_DATA SEGMENT_
----------
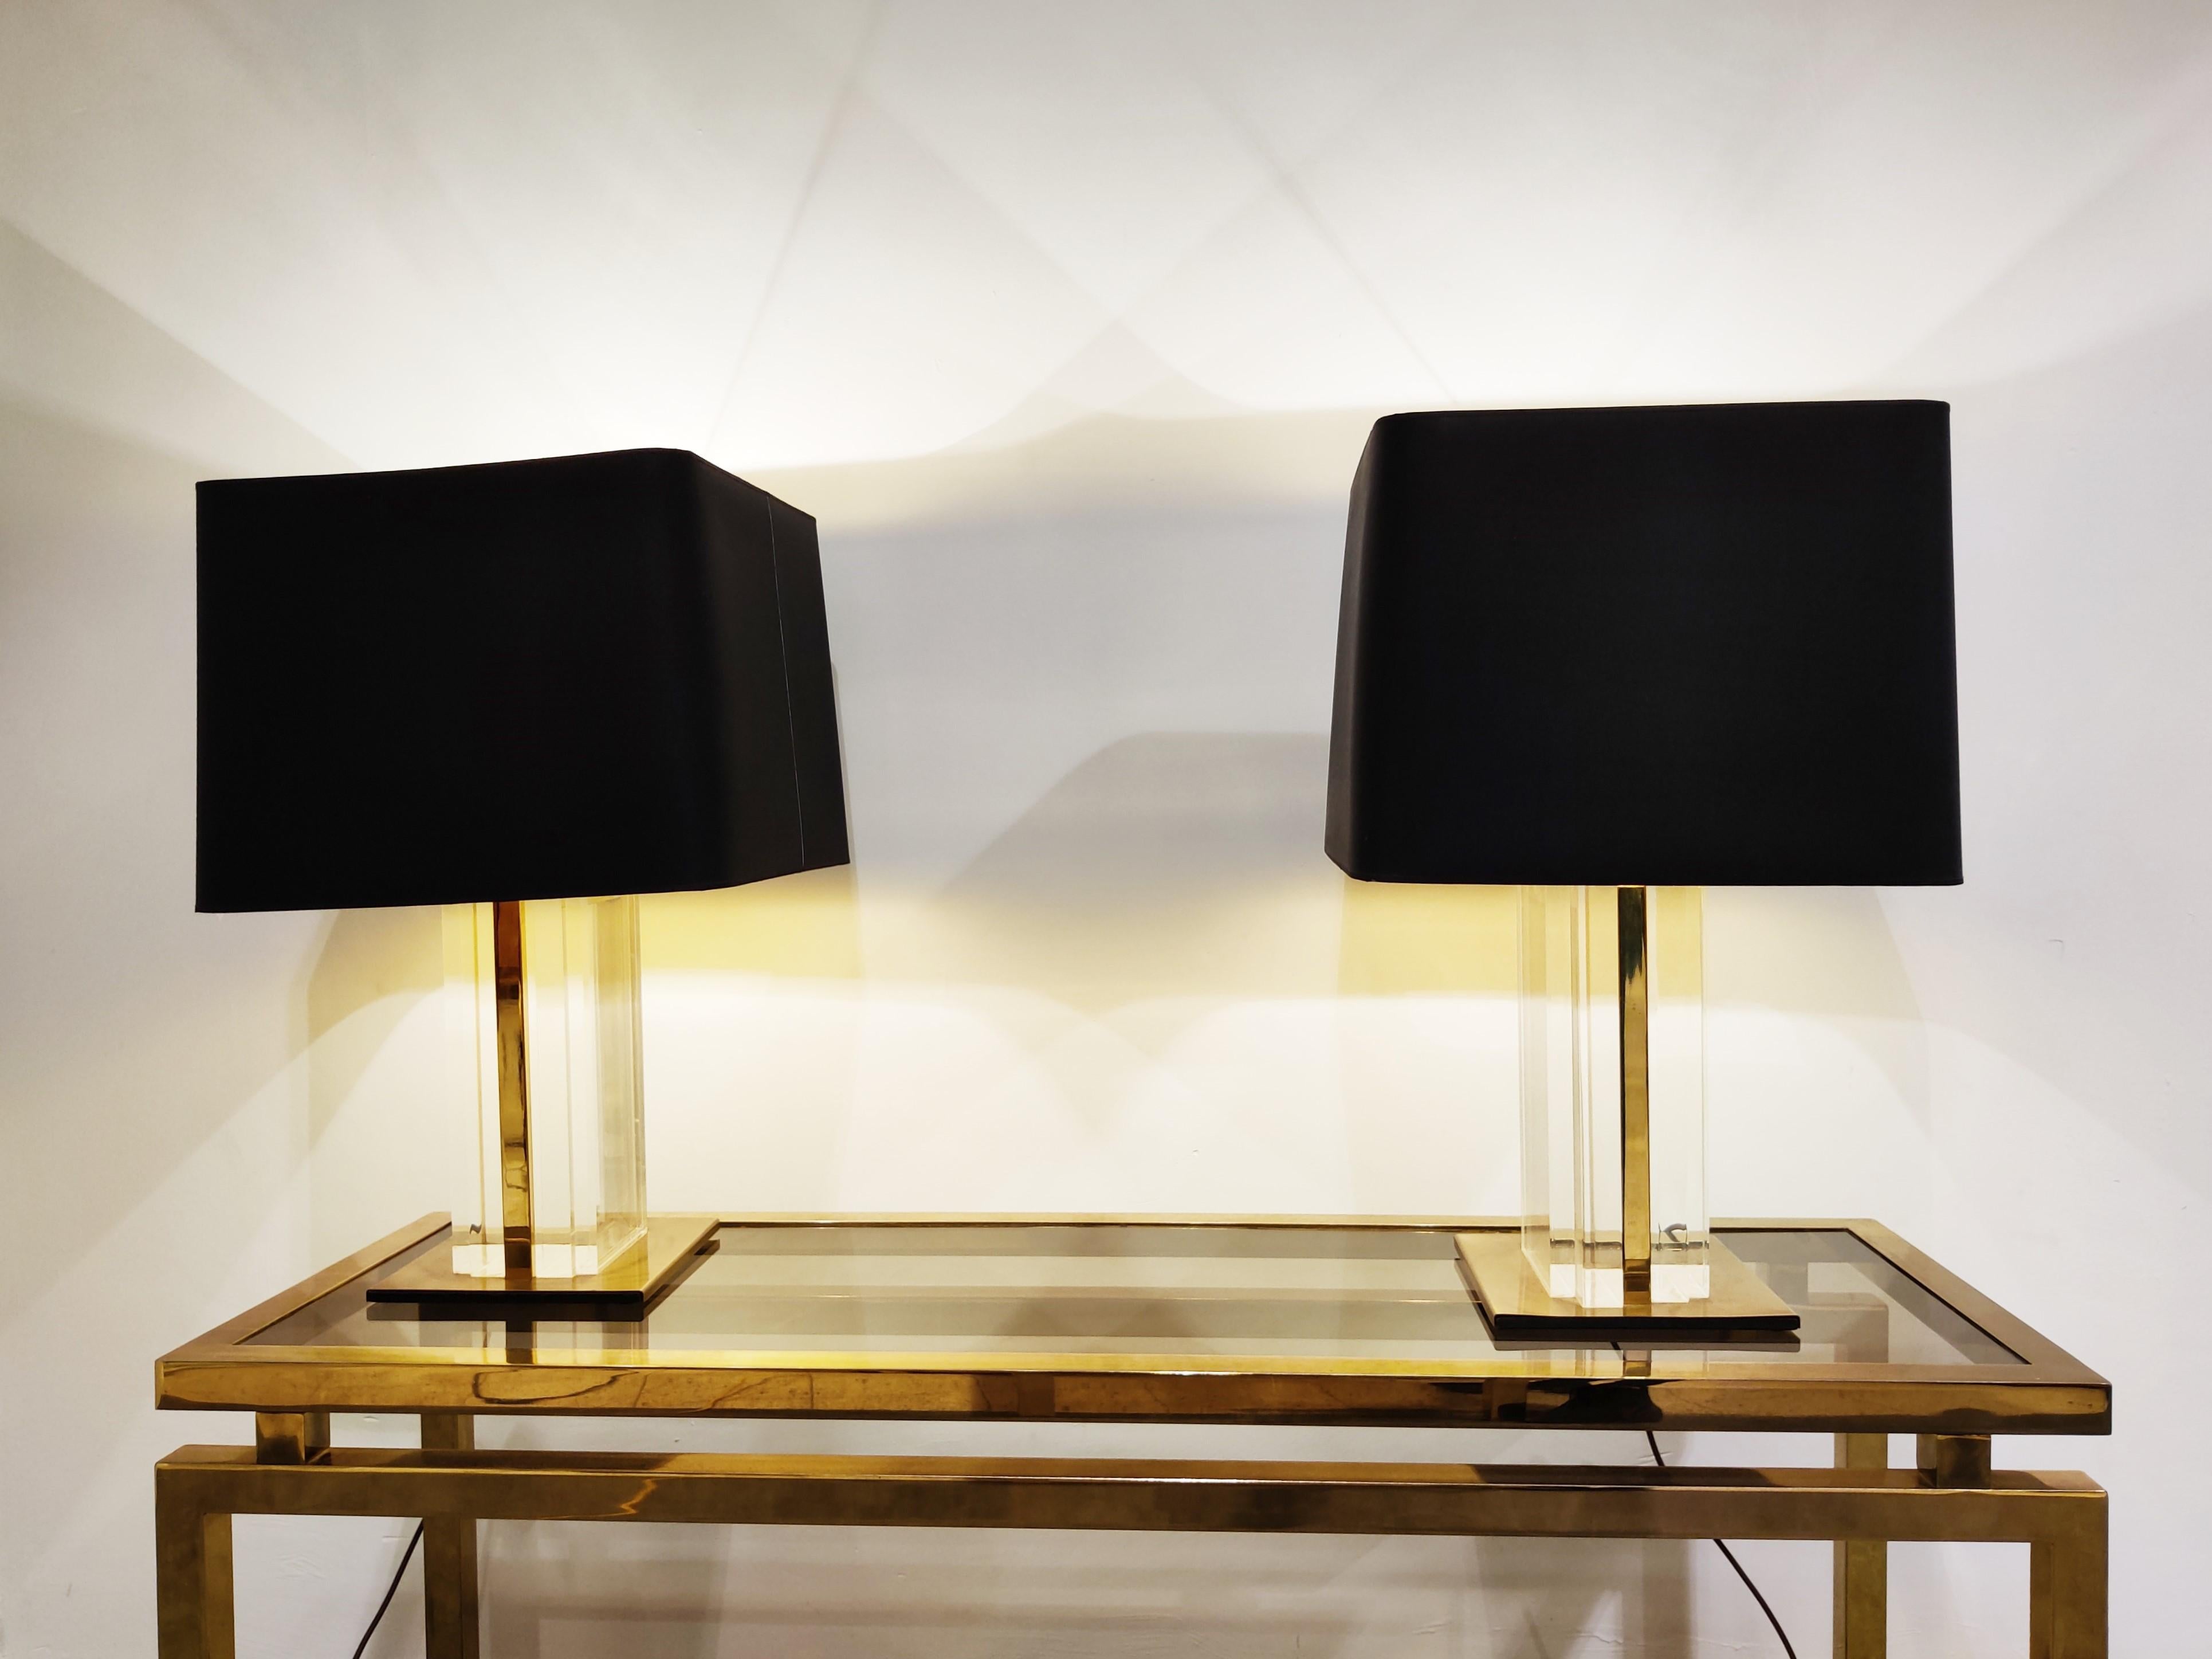 Pair of eye-catching brass and Lucite table lamps by Belgochrom.

The table lamps come with their original black lamp shades.

The lamps are quite large, and as a pair they make a great statement piece on a credenza or side tables.

Good
----------
_ACTIVITY_
Leave the images out and transcribe the remaining data above word for word.

_ANSWER BELOW_
 Pair of eye-catching brass and Lucite table lamps by Belgochrom.

The table lamps come with their original black lamp shades.

The lamps are quite large, and as a pair they make a great statement piece on a credenza or side tables.

Good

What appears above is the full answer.